It soon will be time for the autumn ritual of open enrollment, as people who get insurance through their employers sign up for next year's coverage.
But this season, which kicks off next week, also will mark a seminal shift with more workers than ever weighing whether a "consumer-directed" health plan might pay off for them.
In consumer-directed plans, the insured generally pay lower premiums but have higher deductibles. The plans have surged in popularity among U.S. employers recently. According to survey results released last week by human-resources consulting firm Aon Hewitt, such plans were offered by 58% of employers in 2011, up from 41% in 2010. Separately, 19% of large employers surveyed by the National Business Group on Health said consumer-directed plans would be the only option they offered for 2013.
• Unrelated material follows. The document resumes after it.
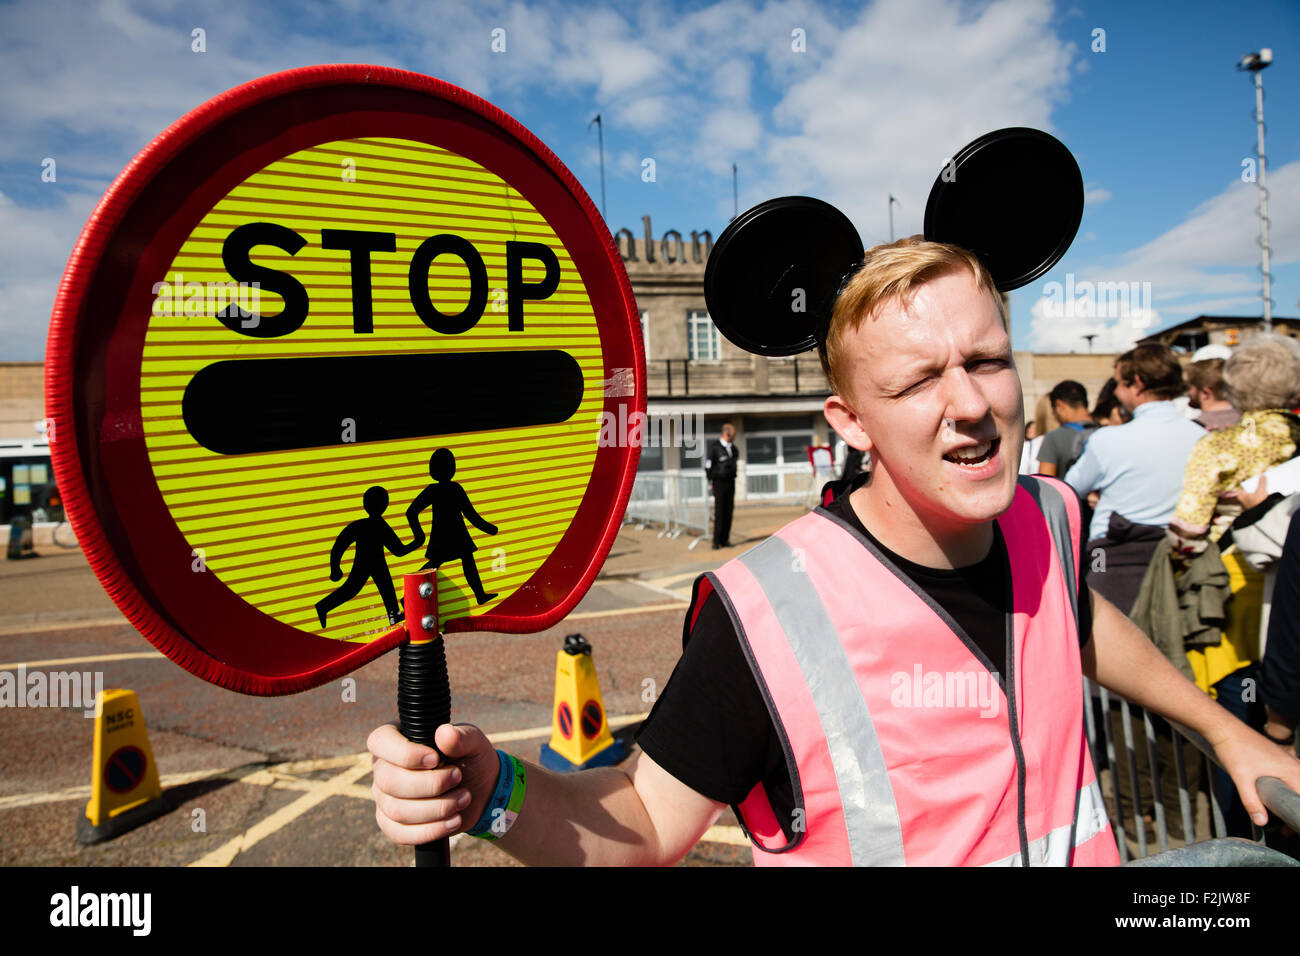 A mouse eared lollipop man herding visitors across the road to Banksy's Dismaland theme park attraction in Weston super Mare UK Stock Photo

Experts say that employees who have a choice need to think carefully before signing up for a plan. For healthy people who are able to manage their expenses, consumer-directed plans can result in real savings. But those with chronic diseases or with a serious risk of injury face the prospect of much higher out-of-pocket costs.
Health-care premiums have risen steadily for decades, of course, for employers and employees alike. Many employers have seen consumer-directed plans as a solution, because they give the insured an incentive to shop for better prices and avoid unnecessary care. "Now that there's been this economic crunch and wages are flat, the increased costs of health care are harder to take," says Helen Darling, president of the National Business Group on Health.
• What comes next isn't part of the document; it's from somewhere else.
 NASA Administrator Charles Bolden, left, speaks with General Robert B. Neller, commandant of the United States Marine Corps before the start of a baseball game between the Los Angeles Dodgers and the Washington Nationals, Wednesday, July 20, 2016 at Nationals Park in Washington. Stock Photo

Data from the Kaiser Family Foundation show that in 2012, high-deductible plans had premiums that averaged just under $5,000 for single coverage, about 15% lower than preferred provider organization (PPO) plans, the most common kind of coverage. Overall medical costs also were significantly lower for members of consumer plans: They tended to use fewer brand-name drugs and were hospitalized less frequently than similarly healthy people in traditional plans, according to a study released earlier this year by RAND Corp.
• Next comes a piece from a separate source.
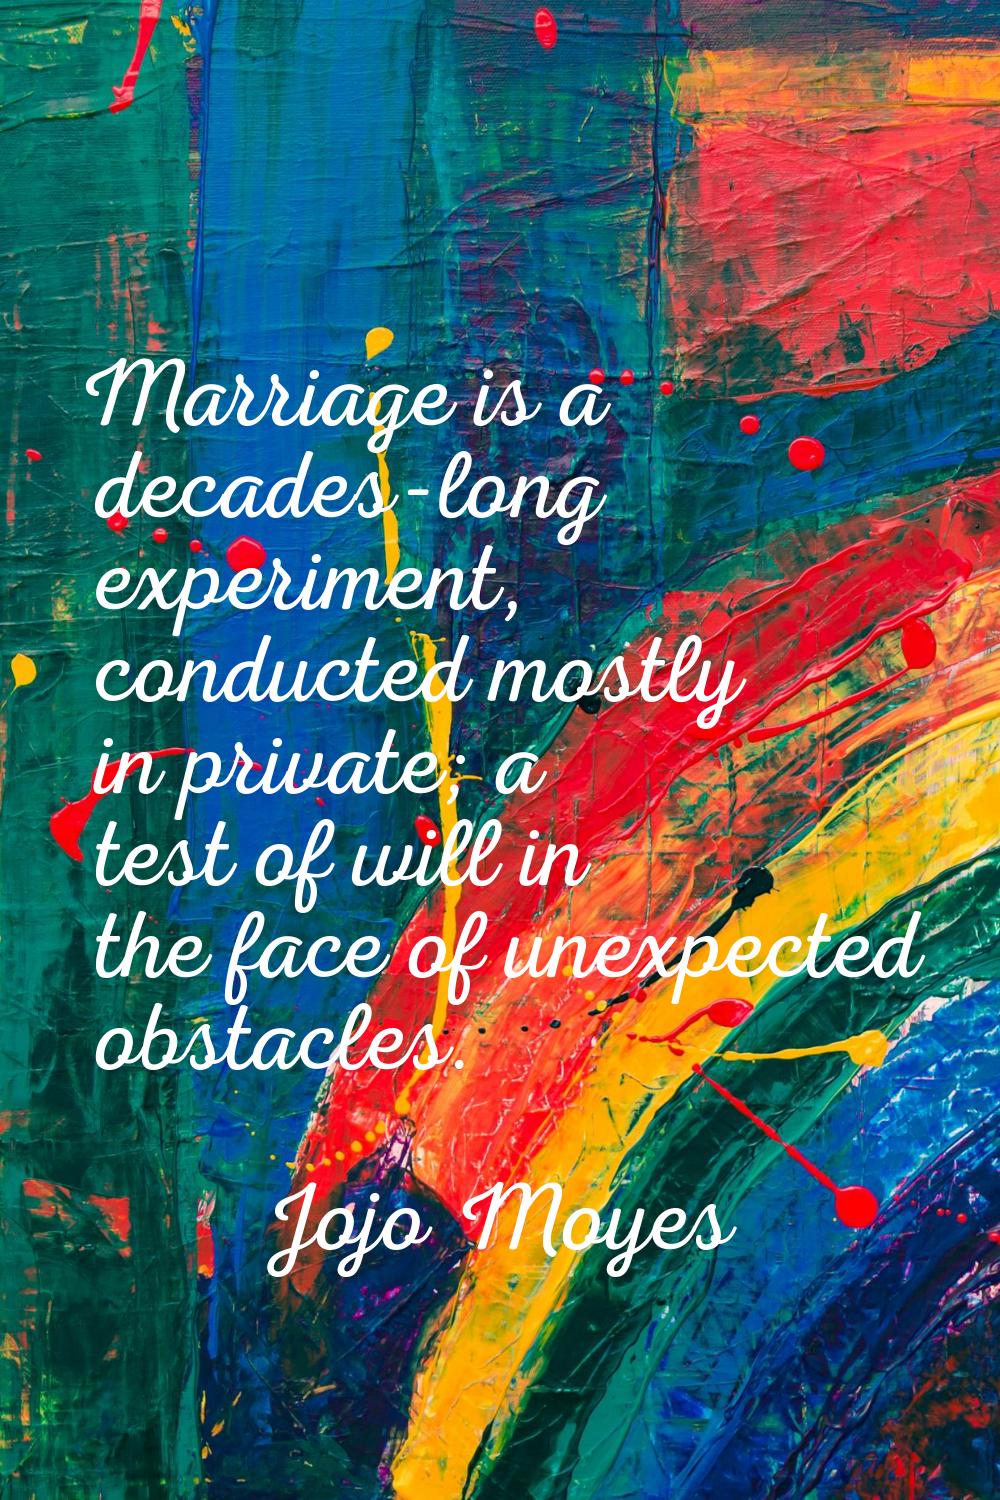 Marriage is a decades-long experiment, conducted mostly in private; a test of will in the face of u

Consumers with few health problems often have seen reduced medical costs. Many of the plans cover annual checkups and other preventive care at no charge. (Such coverage is now mandatory across a wider range of health plans, under the Affordable Care Act.) Many employers also pair the plans with tax-deferred "health savings" accounts that consumers, under some circumstances, can roll over into their retirement savings.
But when consumers do encounter medical problems, the out-of-pocket burden can mount. Deductibles average a little over $2,000 for individuals; after that, employees usually pay a co-insurance payment of 20% until they reach an out-of-pocket maximum. That maximum can be as high as $6,050 for single coverage and $12,100 for families, according to Kaiser.
Amelia M. Haviland, an associate professor of statistics and public policy at Carnegie Mellon University and lead author of the RAND study, notes that the price tag could create the wrong incentives for some patients. "The concern is that they're forgoing care that they need," she says.